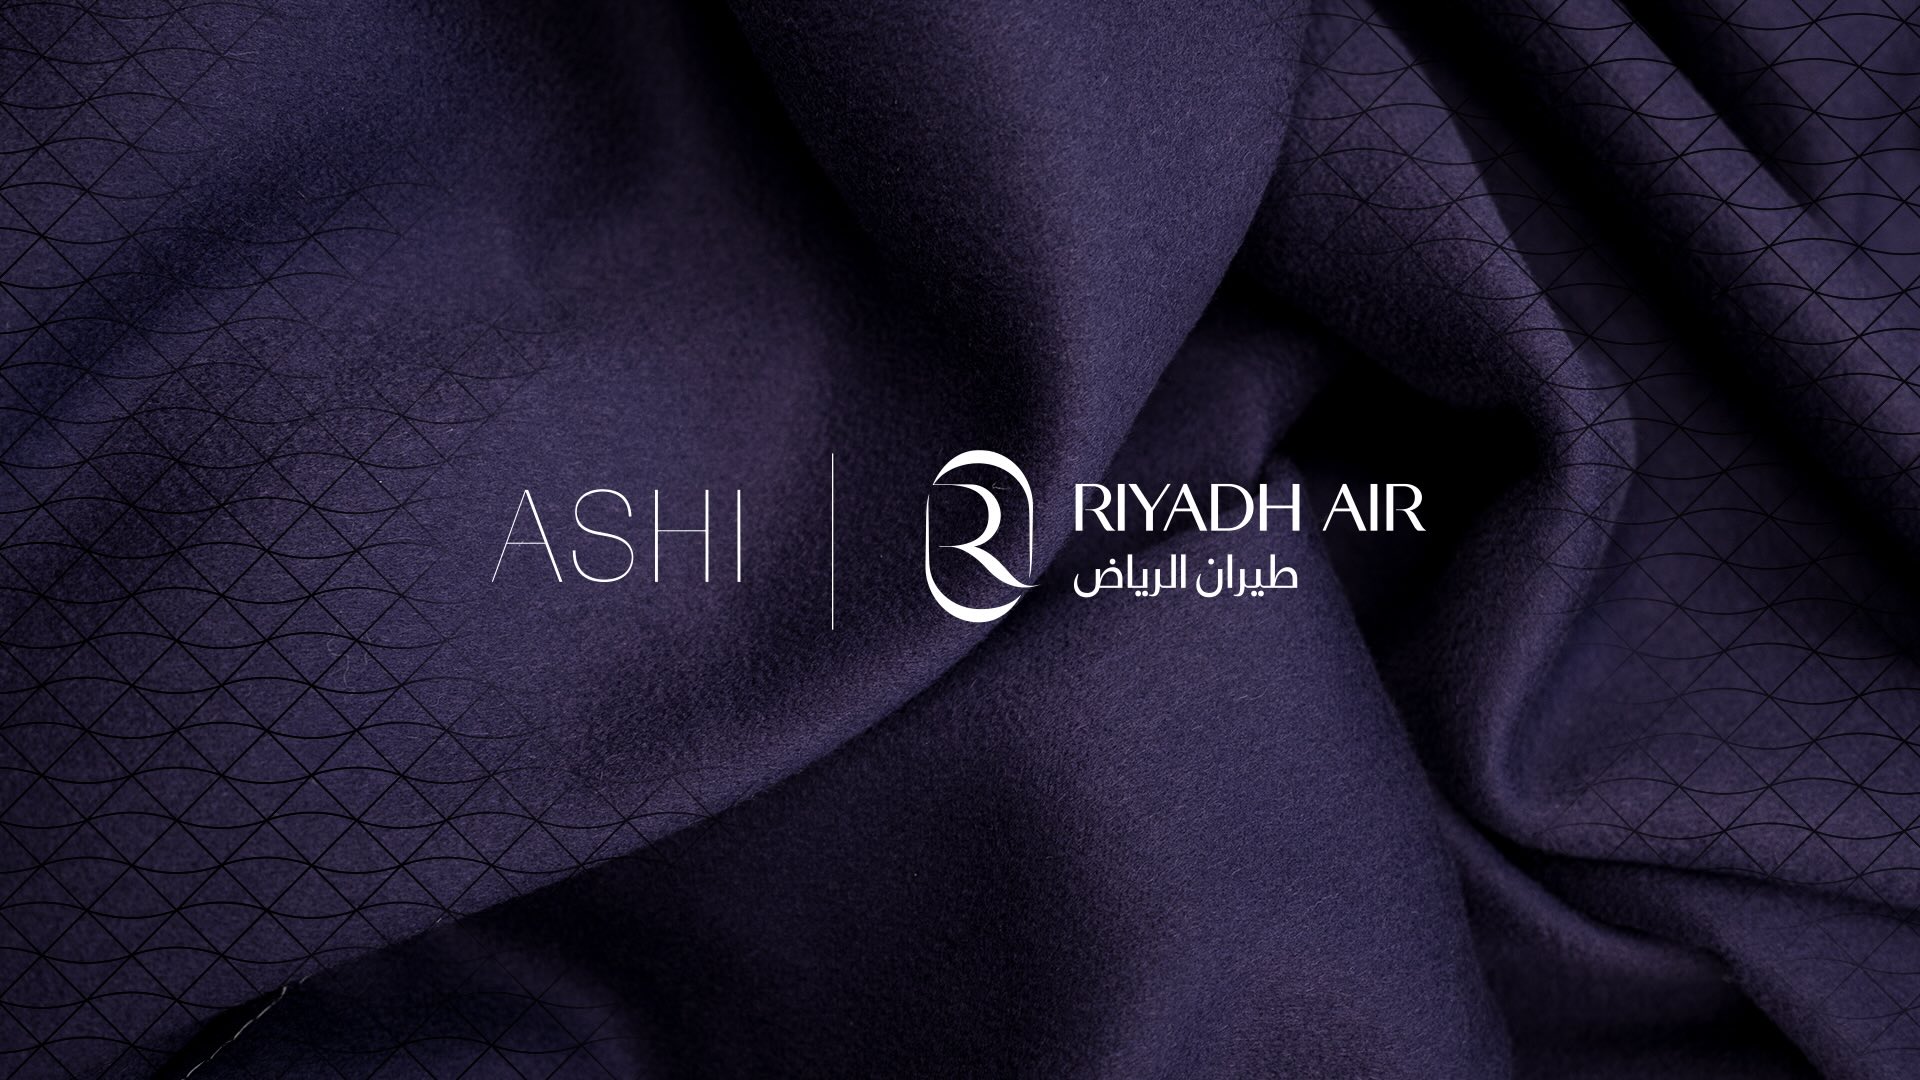 Mohammed Ashi Riyadh Air
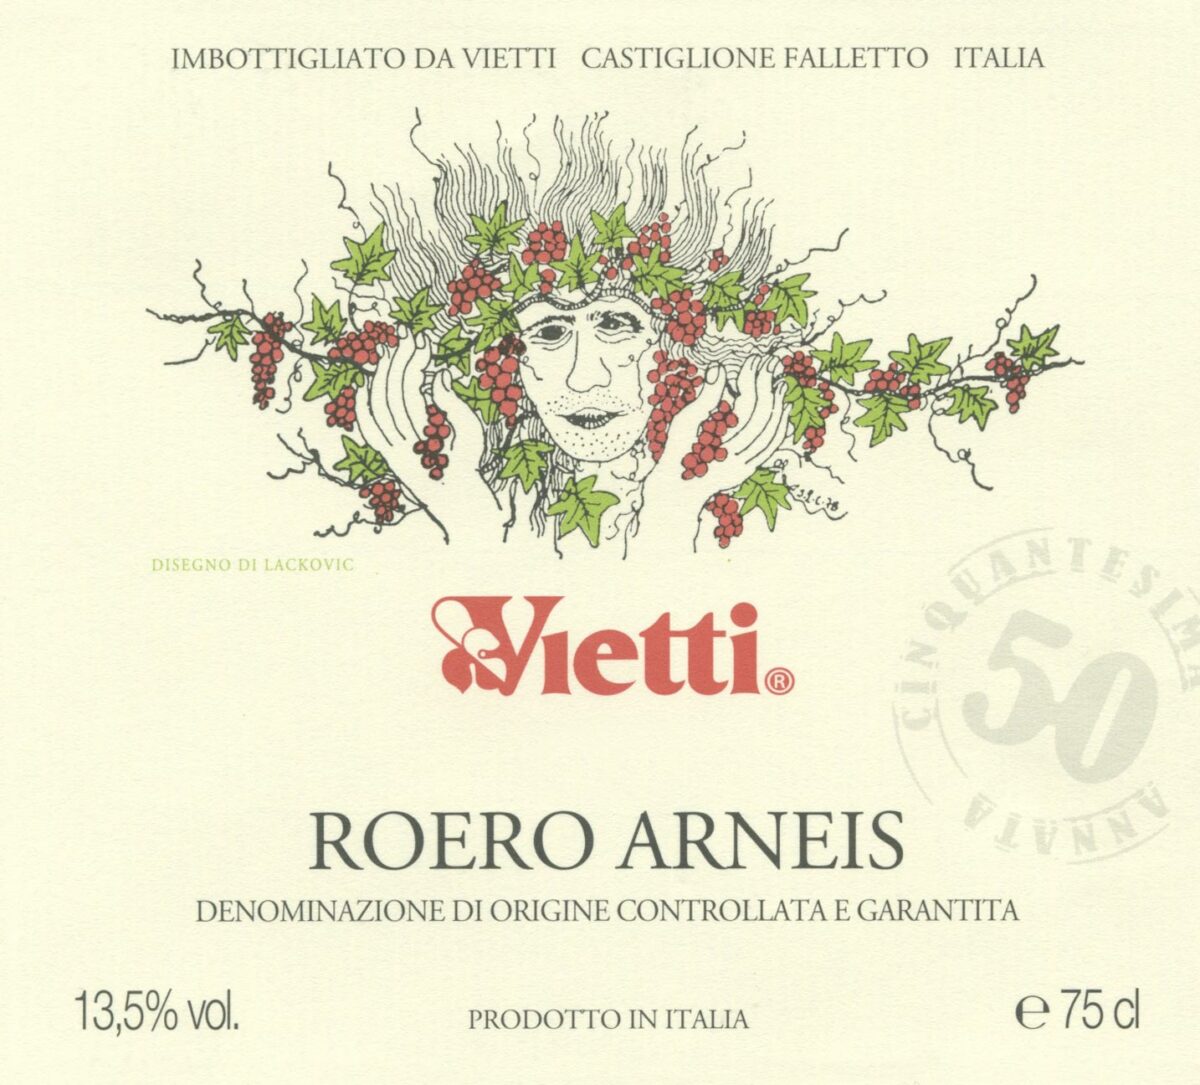 Bottle lable of Vietti's Roero Arneis
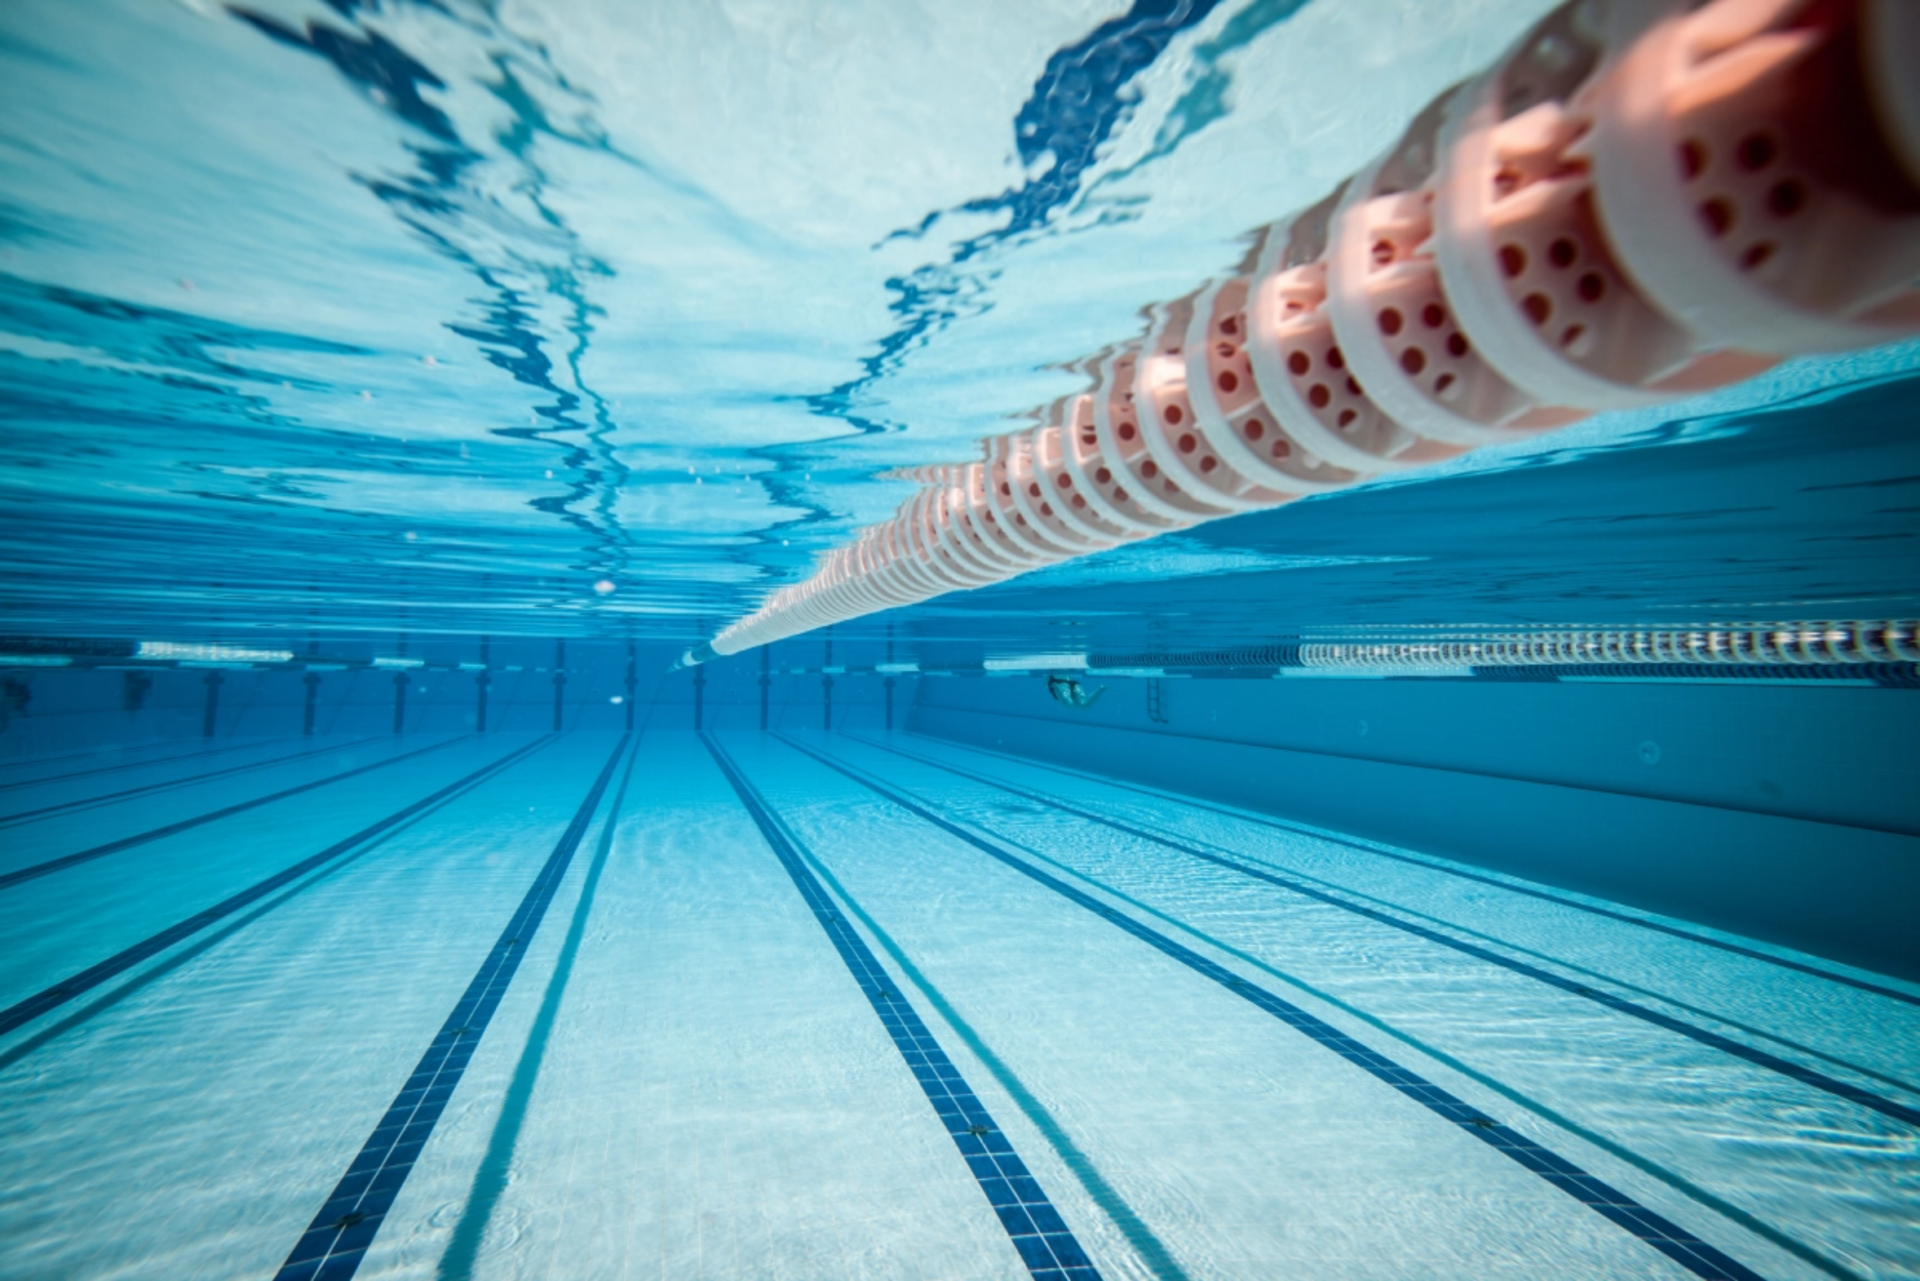 Onderwaterfoto van een zwembad - Stockfoto - Gemeente Leiden class=

○ ○ ○ ○ ○ ○ ○

WHAT IS EXPECTED
The result should be every line of the data, reproduced exactly, with the images removed.

OUTPUT
 Mohammed Ashi Riyadh Air
 Bottle lable of Vietti's Roero Arneis
 Onderwaterfoto van een zwembad - Stockfoto - Gemeente Leiden class=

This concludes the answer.